Task instructions:
Images in the data are to be skipped, while every line is restated exactly as written.

Given data:
....
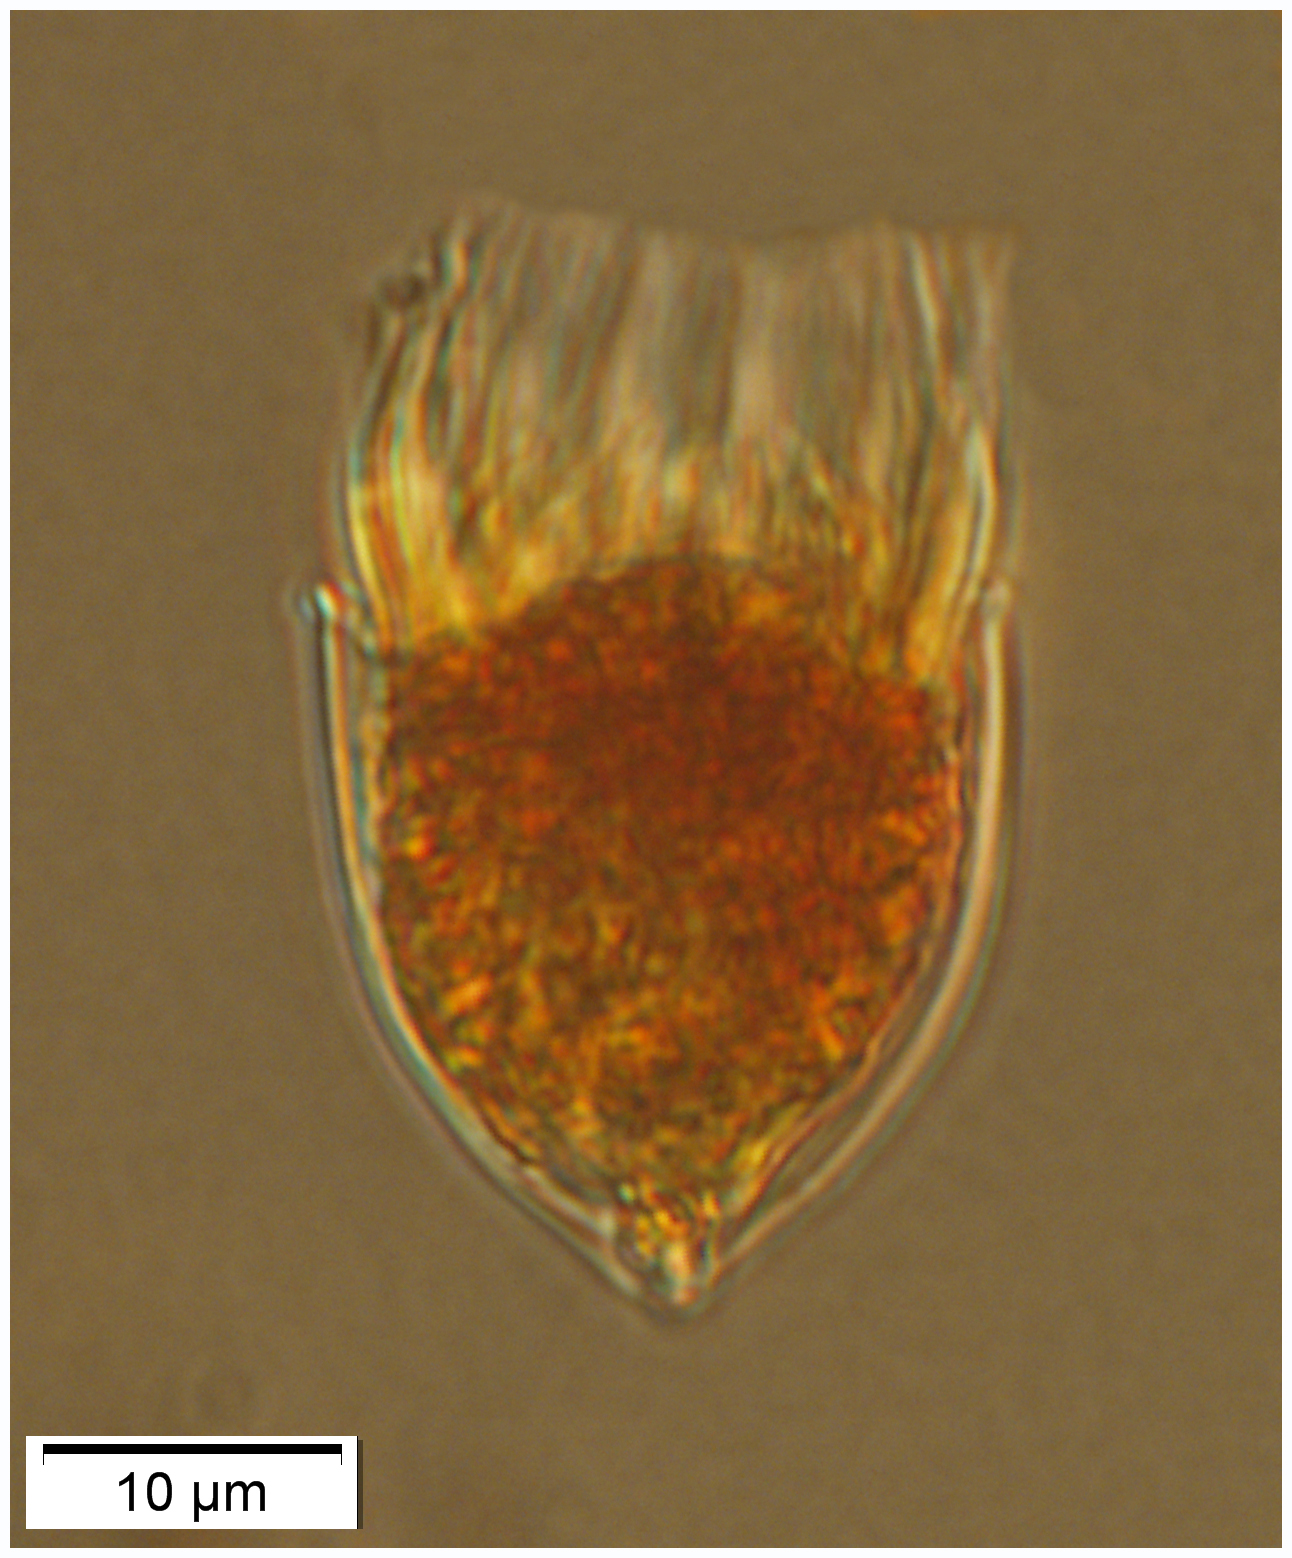 A new small Metacylis
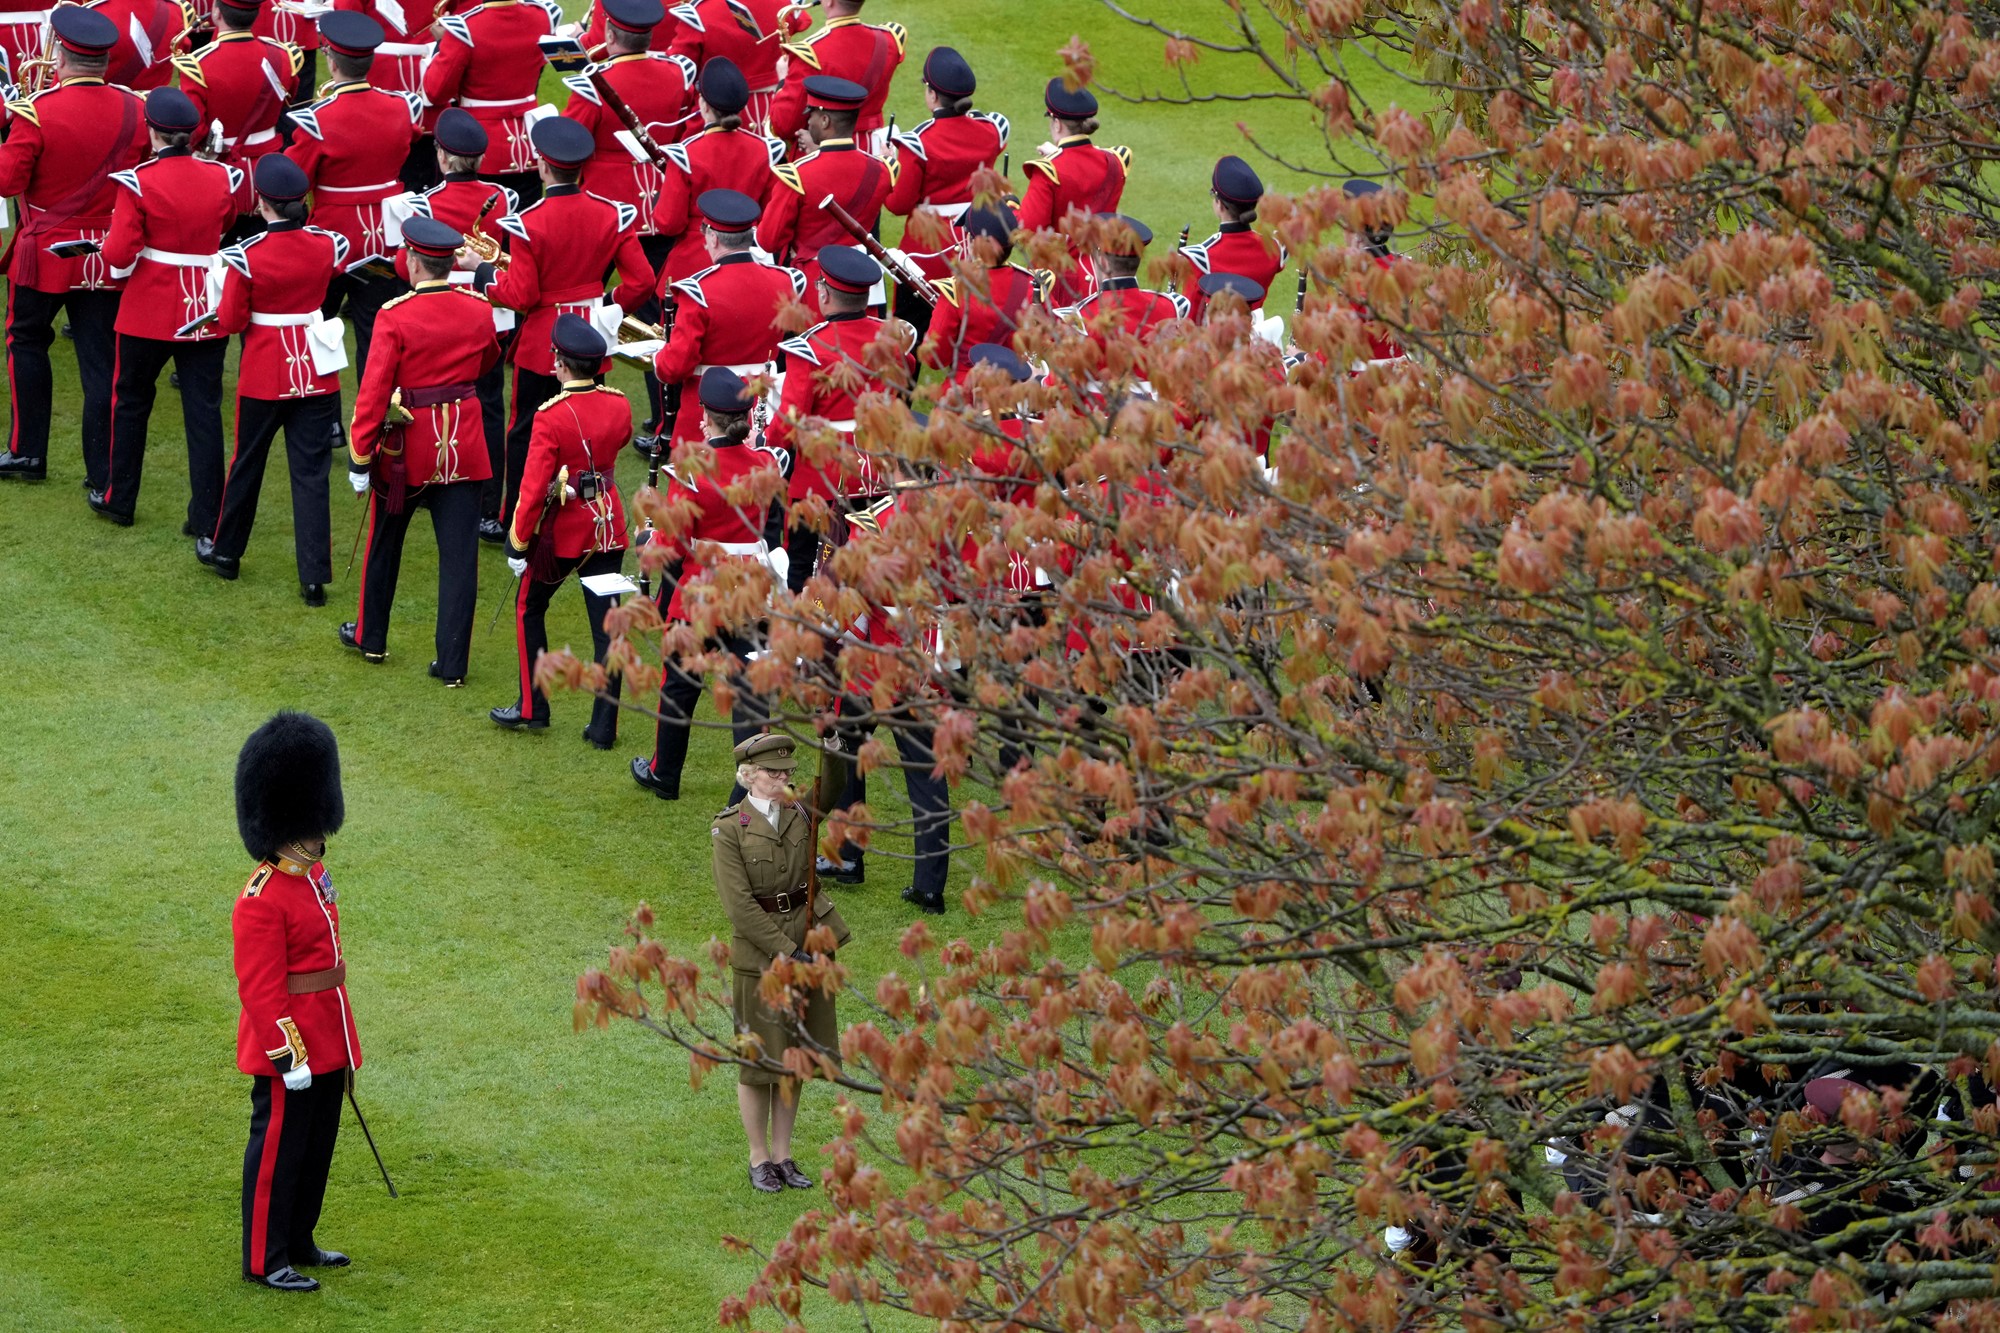 Troops march in the garden.
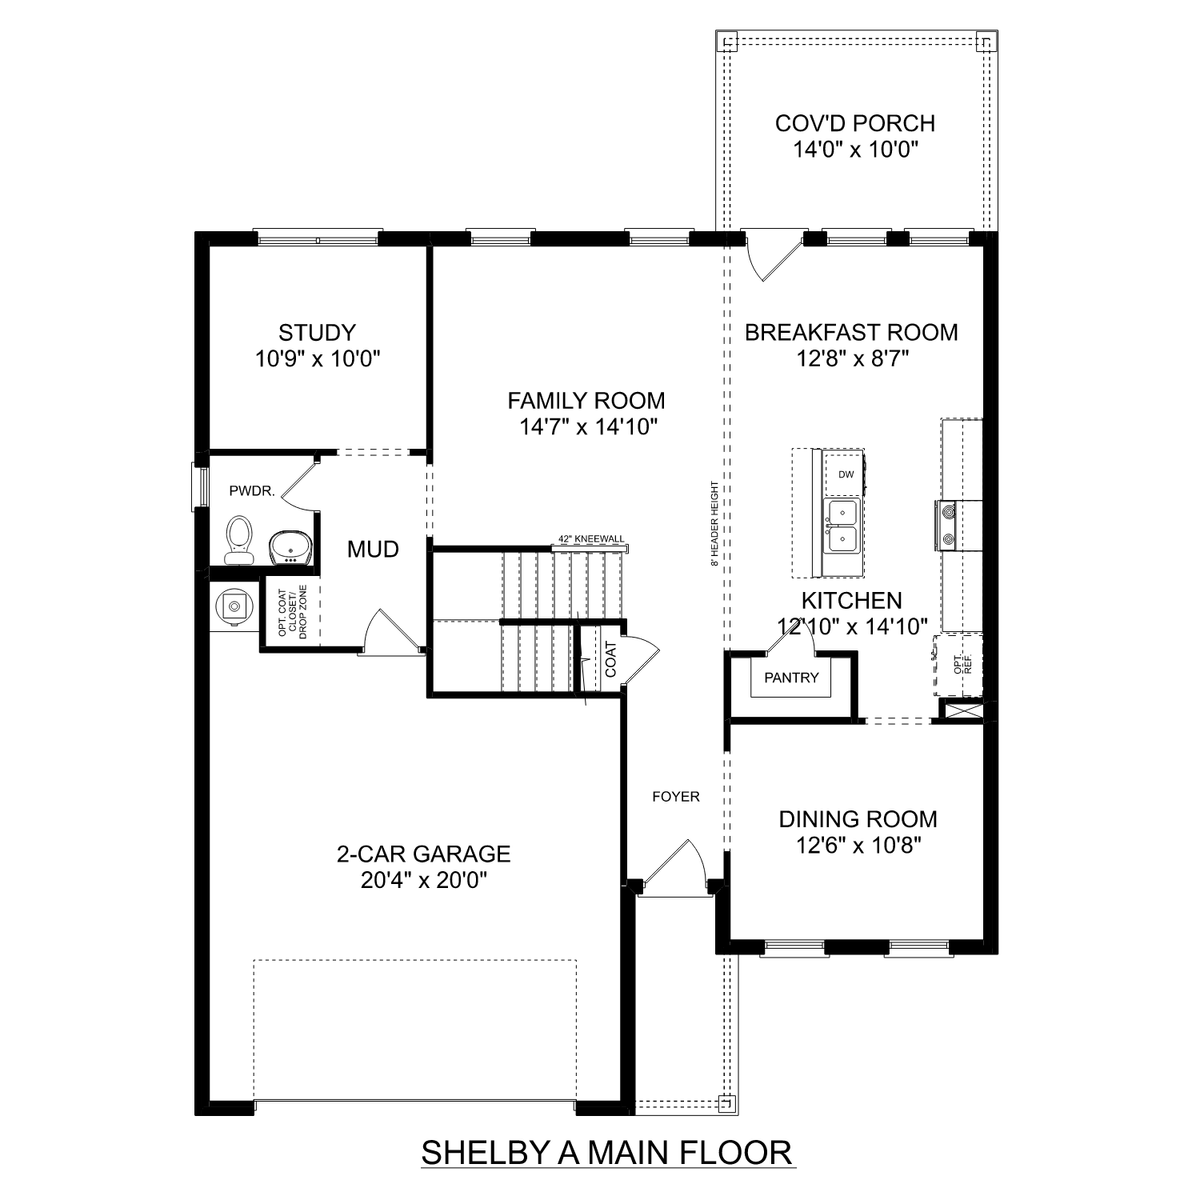 1 - The Shelby A buildable floor plan layout in Davidson Homes' Hollon Meadows community.
....
Answer section:
 A new small Metacylis
 Troops march in the garden.
 1 - The Shelby A buildable floor plan layout in Davidson Homes' Hollon Meadows community.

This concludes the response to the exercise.